Most of the core structure is made up of ethylene glycol units, and the only other constituents in its structure are the cross-linking unit that makes it solid, and an amine-containing moiety, which provides the handle for further structural elaboration in solid phase synthesis.

The resins, developed at the University of Minnesota⁴, retain the solvation properties of polyethylene glycol and PEG-linked products, but are easier to use. The highly crosslinked resins are produced in bead form, and swell in a wide range of solvents, including dichloromethane, water and dimethylformamide. They are also compatible with a variety of more nonpolar solvents like dioxane and tetrahydrofuran.
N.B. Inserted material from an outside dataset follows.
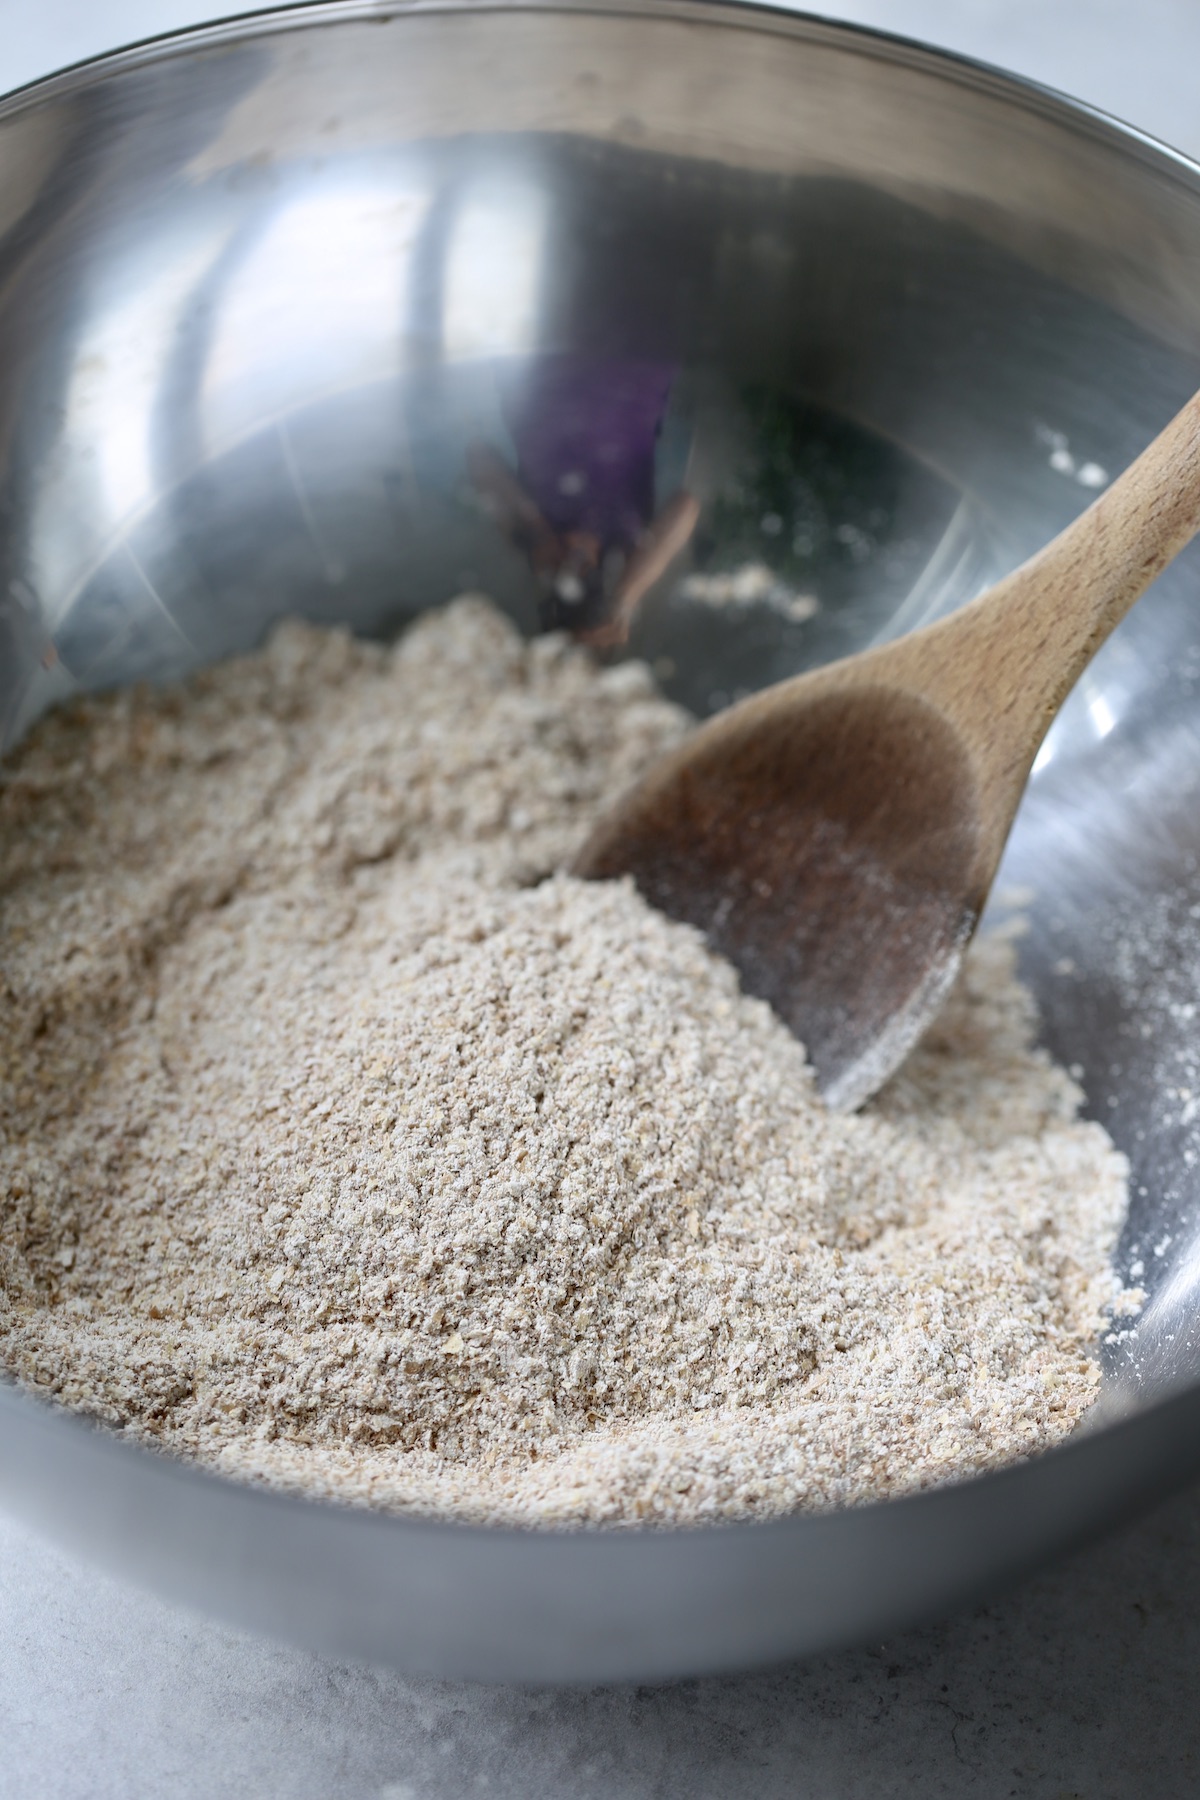 Flour and wheat bran being stirred together in a metal mixing bowl with a wooden spoon.
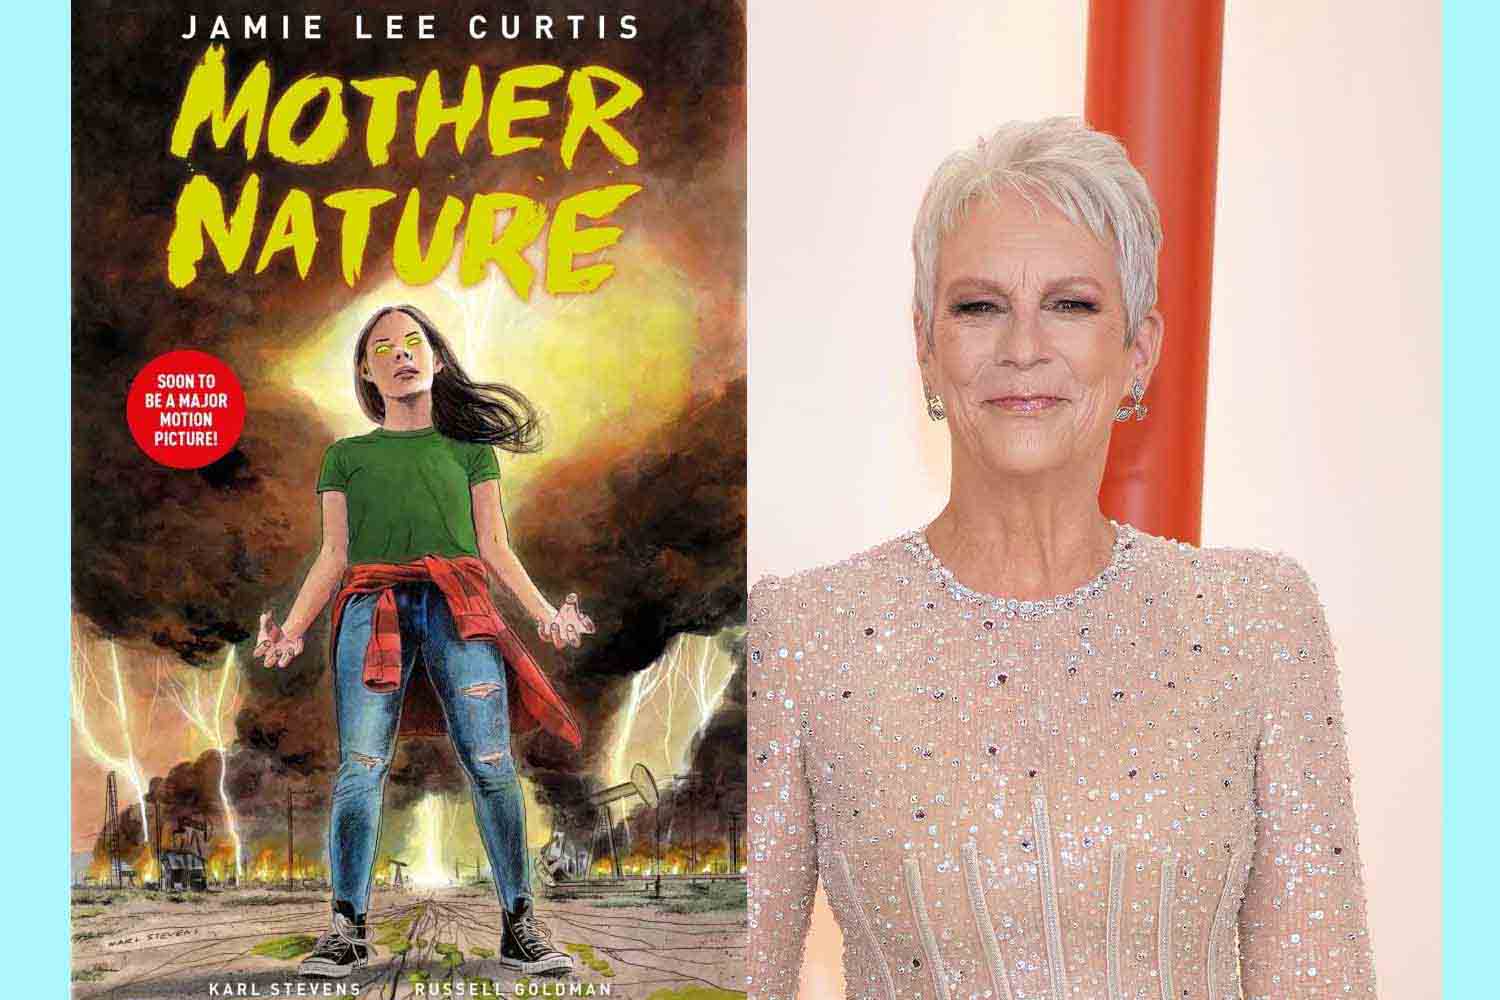 mother nature graphic novel jamie lee curtis

The company says that, as the particles are not grafted onto polystyrene, they mimic the solubility properties of polyethylene glycol and PEG-linked products, but are easier to use. The resin does not swell in water alone, but if it is pretreated with an organic solvents like DMF before the water concentration is gradually increased, it can be used in aqueous reaction mixtures.

Libris Discovery

The growth in importance of combinatorial libraries has also led to an explosion in the number of companies offering off-the-shelf libraries for rent to collaborators which, without automated solid-phase chemistry techniques, would be almost impossible to create cost-effectively. Many of these companies specialise in one specific area of chemistry. One that focuses on carbohydrates is Libris Discovery, a joint-venture between Dextra Laboratories of Reading, UK, and The Technology Partnership of Royston, Herts, UK. It exploits Dextra Laboratories" expertise in carbohydrate chemistry with The Technology Partnership's advanced chemical synthesis technology. It follows two approaches in its creation of carbohydrate-containing libraries: exploiting the inherent diversity of carbohydrate scaffolds, and building libraries around them; and glycosylating non-carbohydrate compounds. It emphasises the production of libraries of small-molecule, drug-like compounds. Many existing drugs contain sugar moieties, including cardiac glycosides and a number of antivirals. Dextra has been building up its collection of scaffolds, building blocks and reagents over the past decade. One example of its approach, the combinatorial elaboration of an aglycone via carbohydrate scaffold, is shown in scheme 2.